An "r" silenced for backward formation can be substituted by - (hyphen), and this can be shown in pronounciation by lengthening the previous sound, e.g. makro (long) >> mak-o (length), mak-o pronounced "makko", but written mak-o.
  • word stems ending in –s appear to signify the practical application of something signified by the same word without the –s, e.g. gnoso =knowledge, gnoo =mind; fraso =words, frao =communication. Hereby, often abstract words are created.
An "s" dropped for backward formation can be shown by ' (apostroph), and it is not shown in pronunciantion unless there is a possible confusion, in which case the previous vowel should be prolonged and raised in pitch; e.g. ekso (out) >> ek'o (origin), pronounced "eko"; the only known case of possible confusion is ka' (from kas =add, and), which might be confused with !ka ("in some way") from uka ("no way"); in such a case, the absence of -s is shown in pronunciation by both lengthening and rising pitch of the "a" in ka'.
  • word stems ending in –t generally signify things created by something else signified by the same word without the -t, e.g. auto =self, auo =identity or identification; donto =tooth, dono =jaw or gums (or even age, that makes the teeth grow); futo =a plant, fuo =a root; moxto =fatigue, moxo =hard work; mato =eye, so "mao" can be "the desire to see / visualization", zesto =warm, zeso =heat, source of warmth, etc.
Absence of -t for backward formation may be shown by + (cross), which can be shown in pronunciation by a momentary stop of the speech airstream (usually a glottal stop); e.g. fa+o (source of light) from fato (light), potentially pronounced fa.o or /faʔo/.

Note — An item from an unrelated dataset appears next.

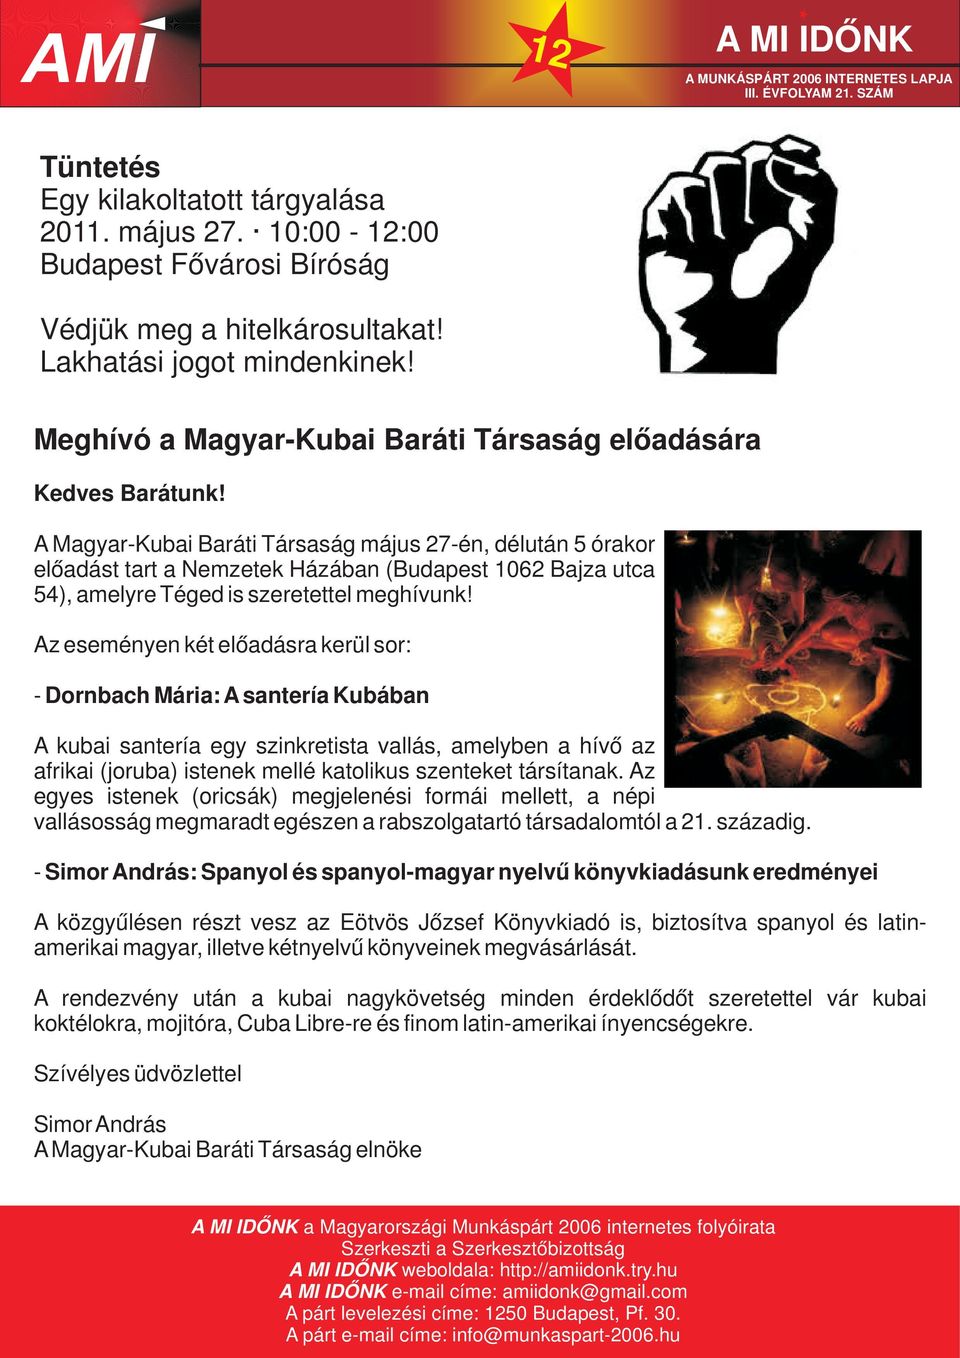 A Magyar-Kubai Baráti Társaság május 27-én, délután 5 órakor előadást tart a Nemzetek Házában (Budapest 1062 Bajza utca 54), amelyre Téged is szeretettel meghívunk!

This elimination of r, s, t, and backward formation in general, may be used by advanced users only, who are familiar with the 222 words of SostiMatiko.

Examples of words that might (falsely) appear carrying some suffix, are idiko (one's own) which looks like *id- + suffix -ik(o), so one might think that "ido" means personal ownership, and dunamo (strength) which might be seen as *dun-a (with ability) and -mo (fact, abstract thing).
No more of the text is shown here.